If you remove insignificant terms from the model (lack of fit), you are potentially biasing the MSe lower (small SS divided by DF). Hence when you compare the MS of the model term with the smaller MSe you get larger F-values (and smaller p-values).

A quick read:

https://www.additive-net.de/images/software/minitab/downloads/SCIApr2004MSE.pdf

I recommend first assessing practical significance of the model terms using Pareto charts of effects AND use Daniel's method of evaluating statistical significance for un-replicated experiments (Normal/Half Normal plots) and perhaps augmented with Bayes plots (Box). This will give you both practical significance and statistical significance without bias.

Daniel, Cuthbert, "Use of Half-Normal Plots in Interpreting Factorial Two-Level Experiments", Technometrics, Vol. 1, No.4 November 1959

Once you have determined the factors/interactions that are active in the experiment, simplify/reduce the model. The purpose of simplifying the model is 2 fold:

1. to get a more useful model for iteration and prediction

2. to get residuals to help assess model adequacy and whether any assumptions were violated.

Note: you do not re-assess statistical significance for the simplified model

"All models are wrong, some are useful" G.E.P. Box

gchesterton · Nov 27, 2023 11:48 AM

Thanks. Your point about biasing the MSe is at the heart of my concern about my conclusions about the significance of the remaining terms ... that I probably have a higher type I error rate than I think I do. So I may be falsely claiming a factor effect.

I'll add that it was a replicated experiment with four replicates, since we expected poor signal to noise. Does that help guard against false claims of term significance?

The factors were binary/categorical and the response was continuous.

Victor_G · Nov 27, 2023 9:08 AM

To add some remarks and comments in addition of @statman answer.

Your topic seems very similar to models evaluation and selection. In this process, statistical significance may be one metric, but not the only one (always add domain expertise !).
Complementary model's estimation and evaluation metrics, like log-likelihood, information criteria (AICc, BIC) or model's metrics (explanative power through R2 and R2 adjusted, predictive power through MSE/RMSE/RASE, ...) offer different perspective and may highlight different models.
You can then select based on domain expertise and statistical evaluation which one(s) is/are the most appropriate/relevant for your topic, and choose to estimate individual predictions with the different models (to see how/where they differ), and/or to use a combined model to average out the prediction errors.

"All models are wrong, but some are useful" is a quite adequate quote when dealing with multiple possible models and trying to evaluate and select some to answer a question.

Hope this additional answer may help you,

Victor GUILLER

"It is not unusual for a well-designed experiment to analyze itself" (Box, Hunter and Hunter)

statman · Nov 27, 2023 12:20 PM

Why 4 replicates?
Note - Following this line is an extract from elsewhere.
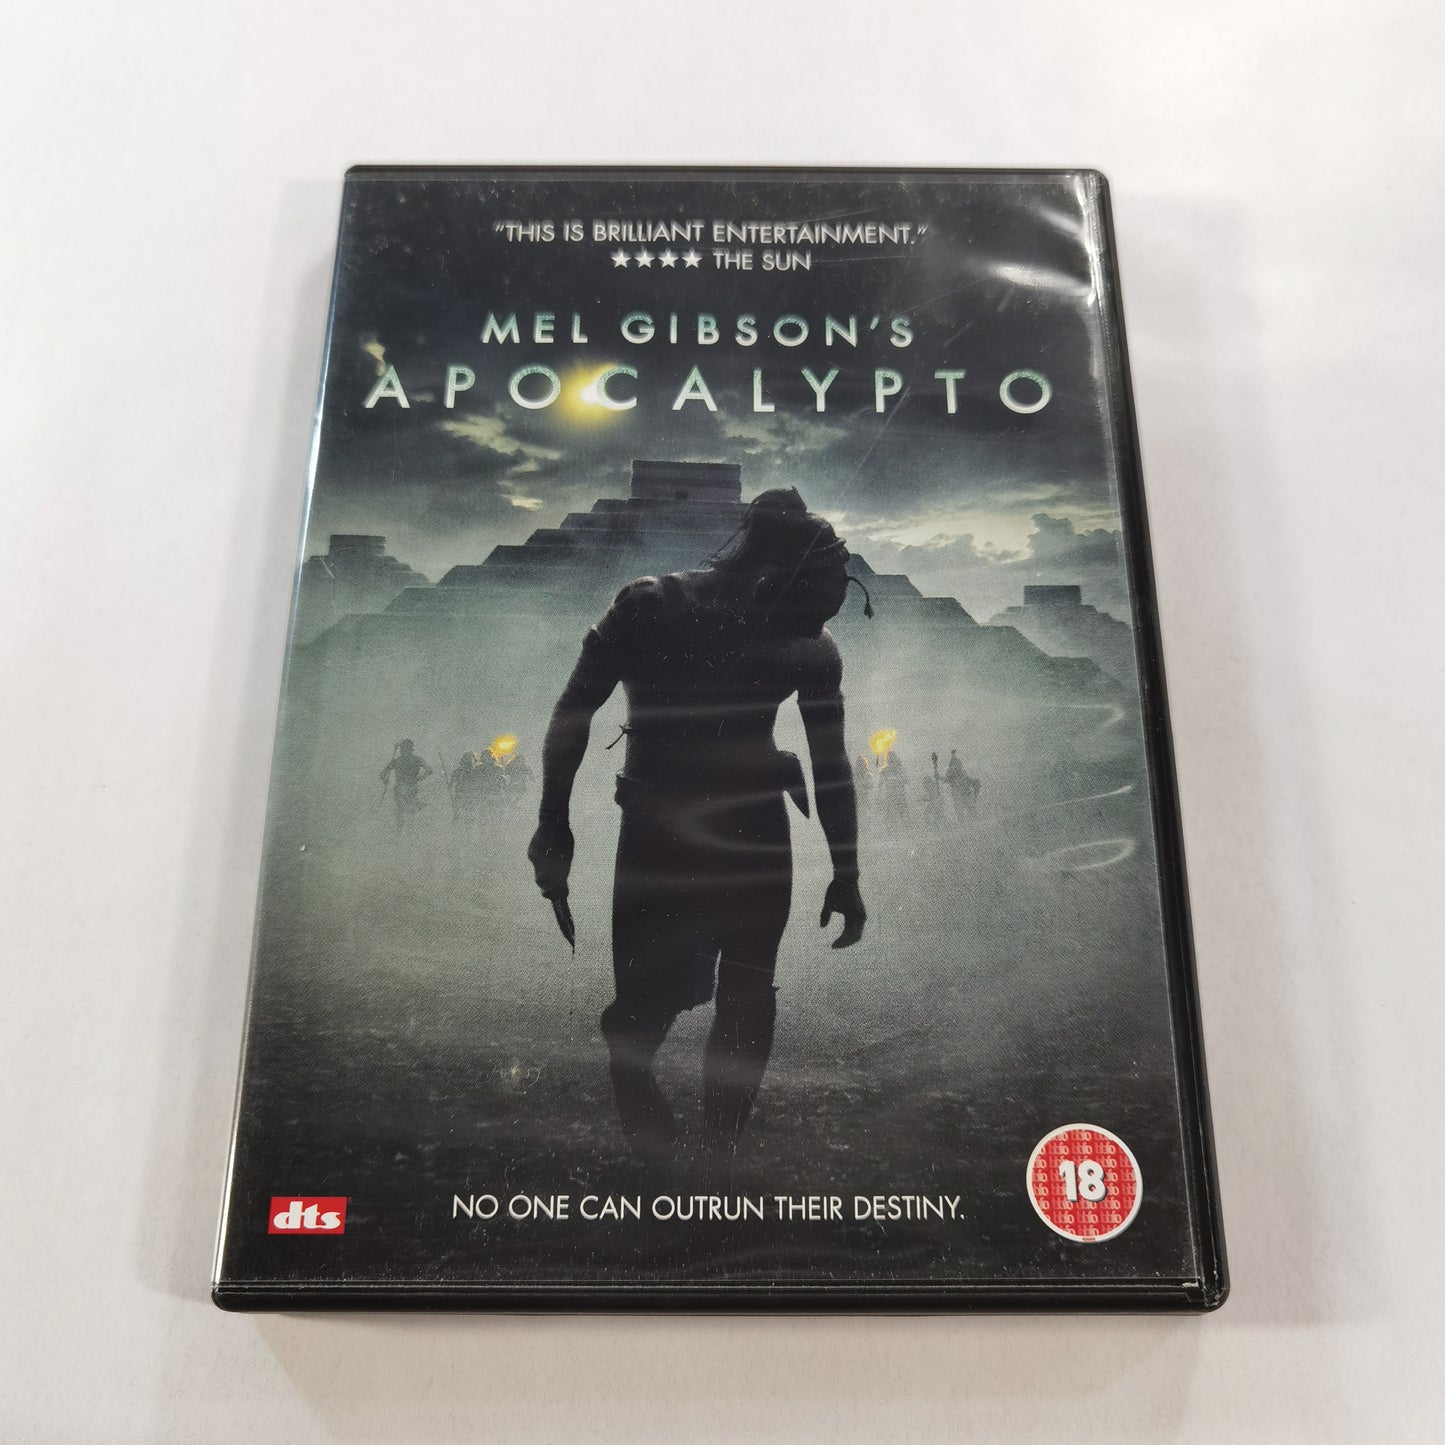 Apocalypto (2006) - DVD UK

What was changing within and between replicate? Does the RMSE look reasonable and comparable to the variation you see in the process? Is the process stable?
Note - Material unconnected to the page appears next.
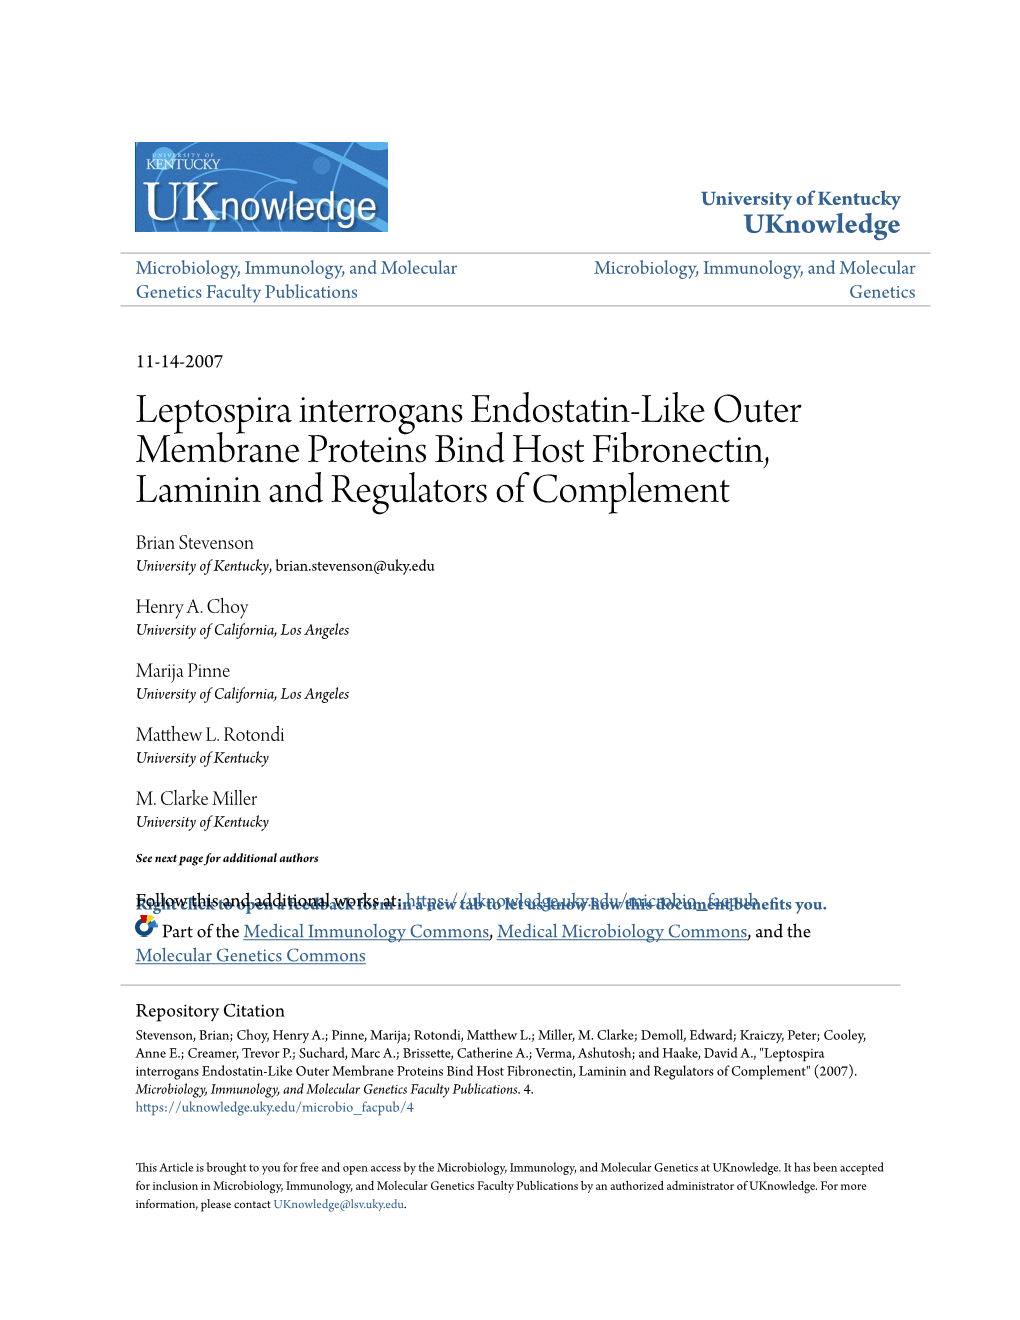 Leptospira Interrogans Endostatin-Like

The commonest of defects in DOE are (paraphrased from Daniel):

Oversaturation: too many effects for the number of treatments
Overconservativeness: too many observations for the desired estimates
Failure to study the data for bad values
Failure to take into account all of the aliasing
Imprecision due to misunderstanding the error variance.
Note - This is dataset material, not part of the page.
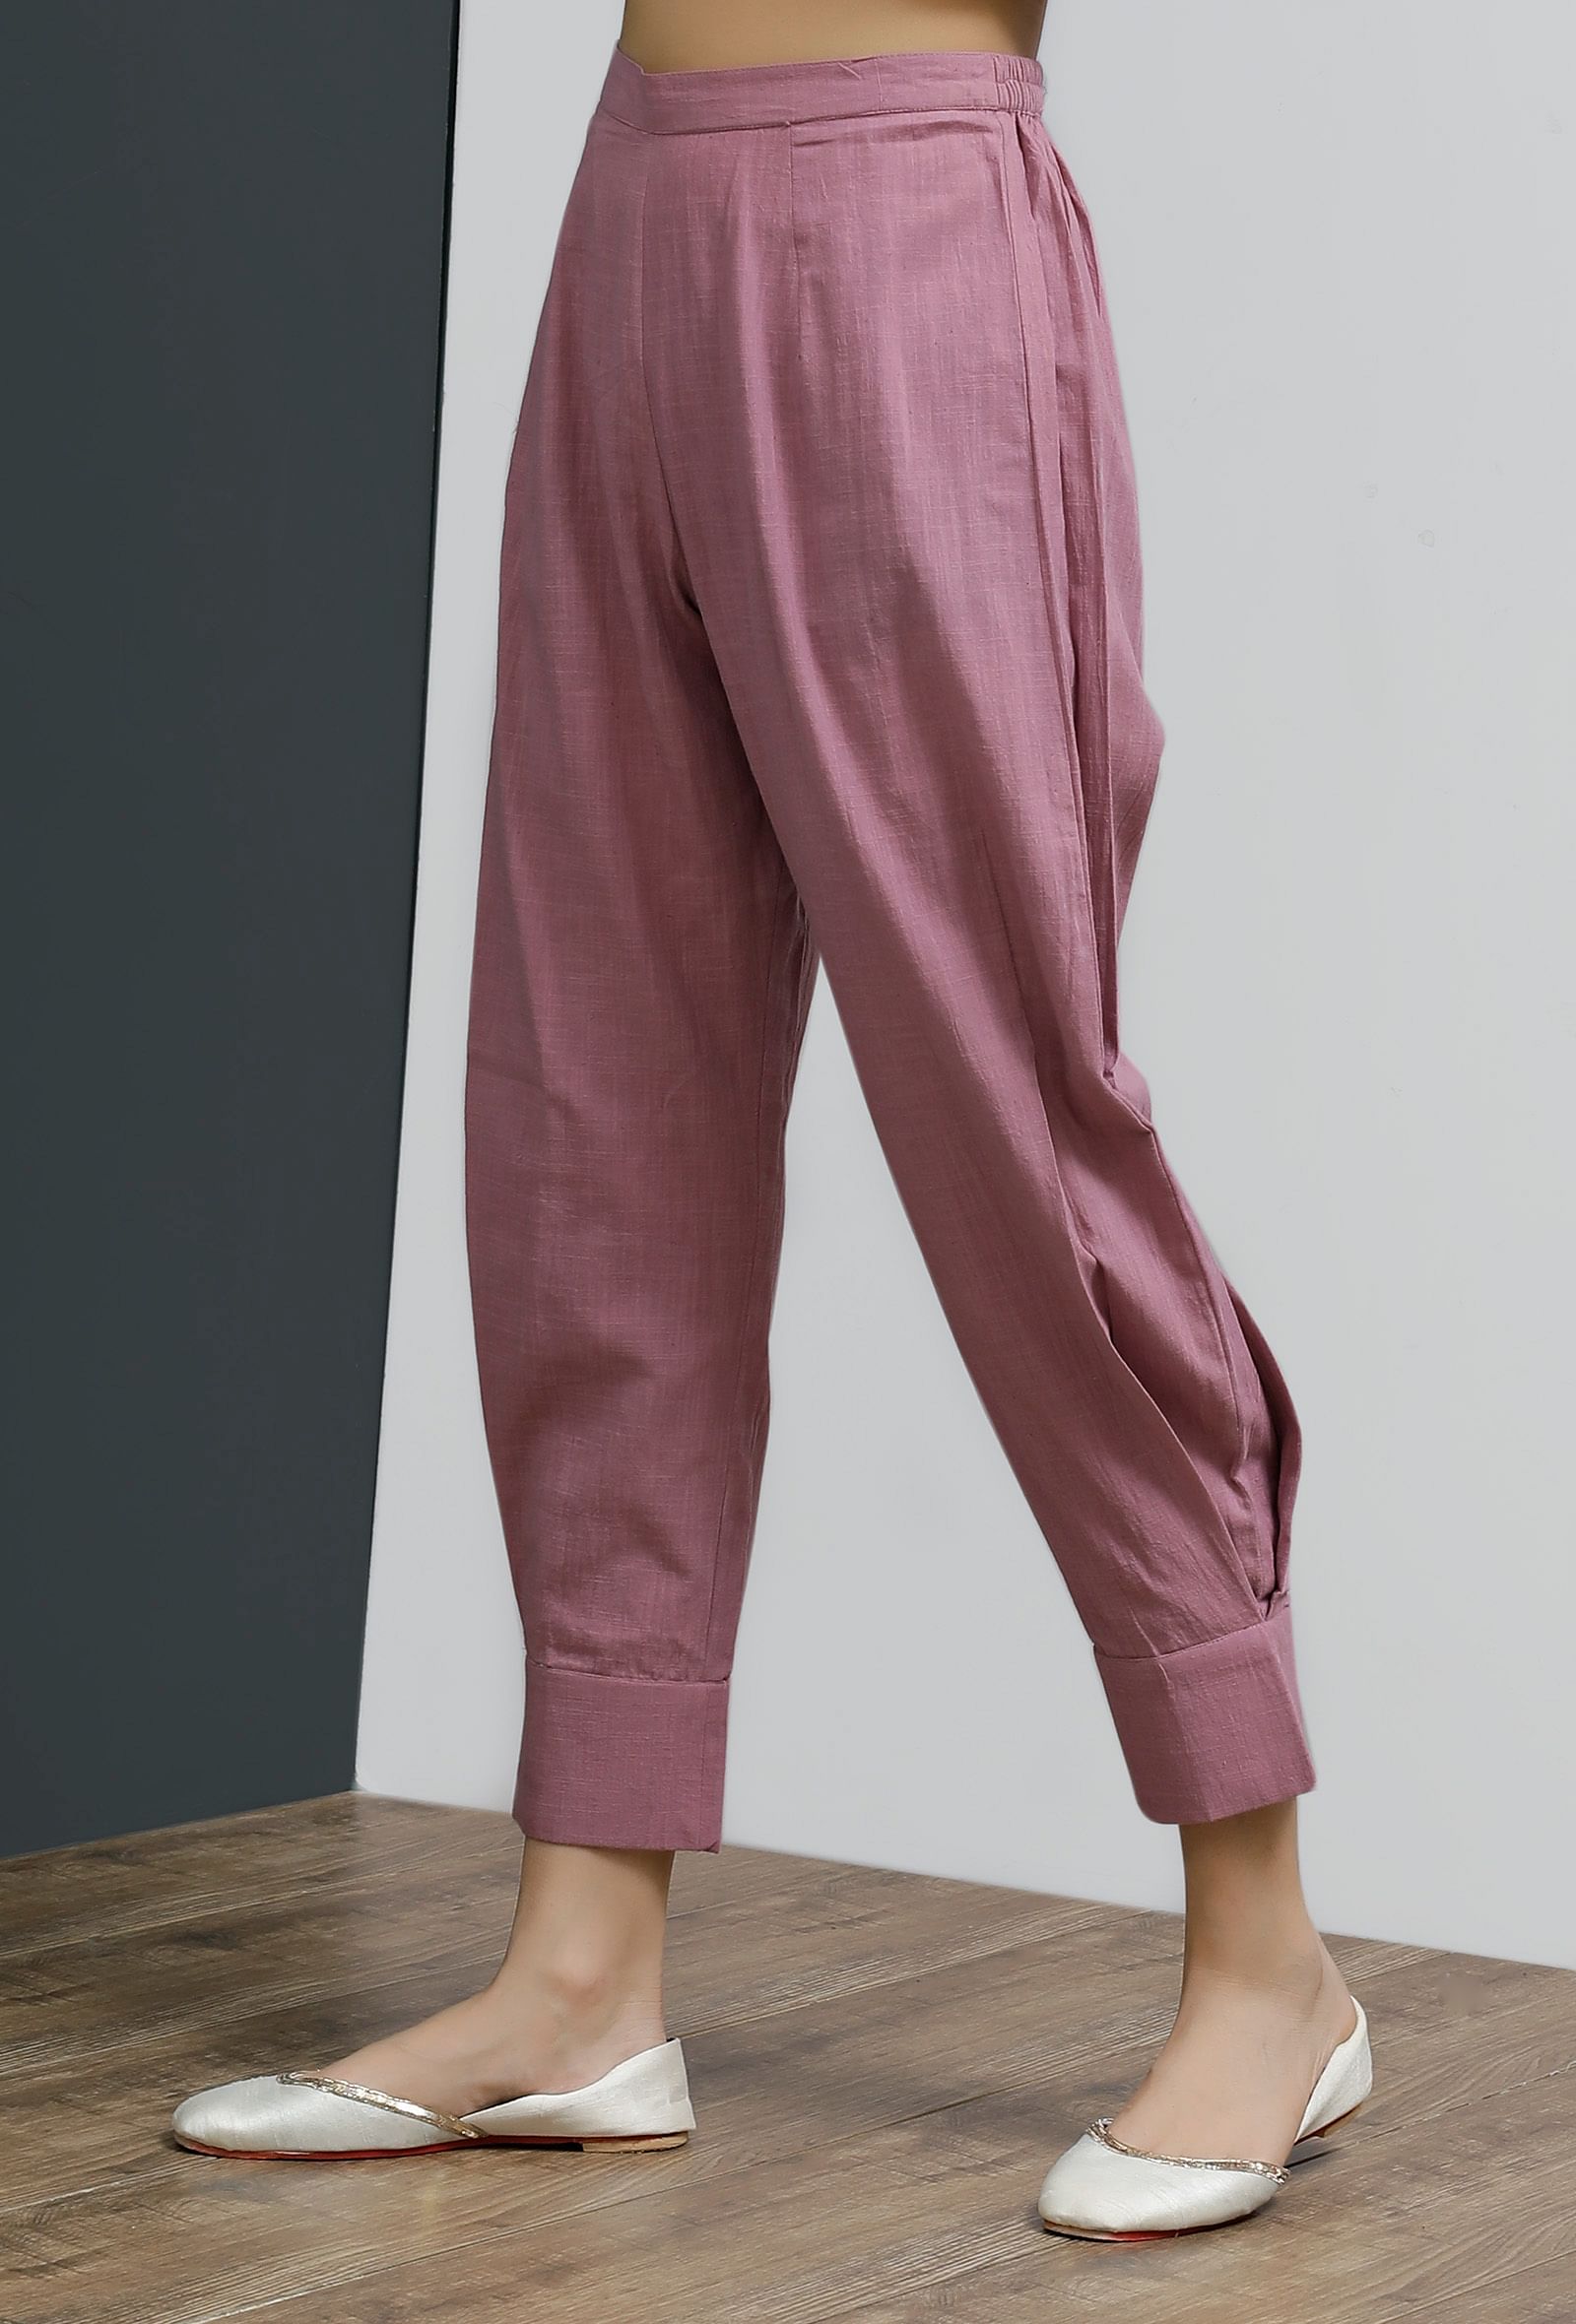 Solid Onion Pink Side Pleated Pants – TJORI

Point 5 is important, particularly if you are relying on p-values for assessing significance.

Victor's advice regarding use of other statistics to determine an appropriate model are worth consideration as well.

"All models are wrong, some are useful" G.E.P. Box

gchesterton · Nov 27, 2023 01:20 PM

The experiment was "open sourced" where volunteer participant teams conducted four runs (randomly assigned treatments) from the master design matrix. I blocked for the team effect, as well as other nuisance factors such as the scenario (of which there were four). Even without these nuisance factors, I expected a team's score (the response variable) to vary despite the factors' effects. These nuisance factors were an unfortunate compromise between "realism" with human subjects and a more tightly controlled experiment.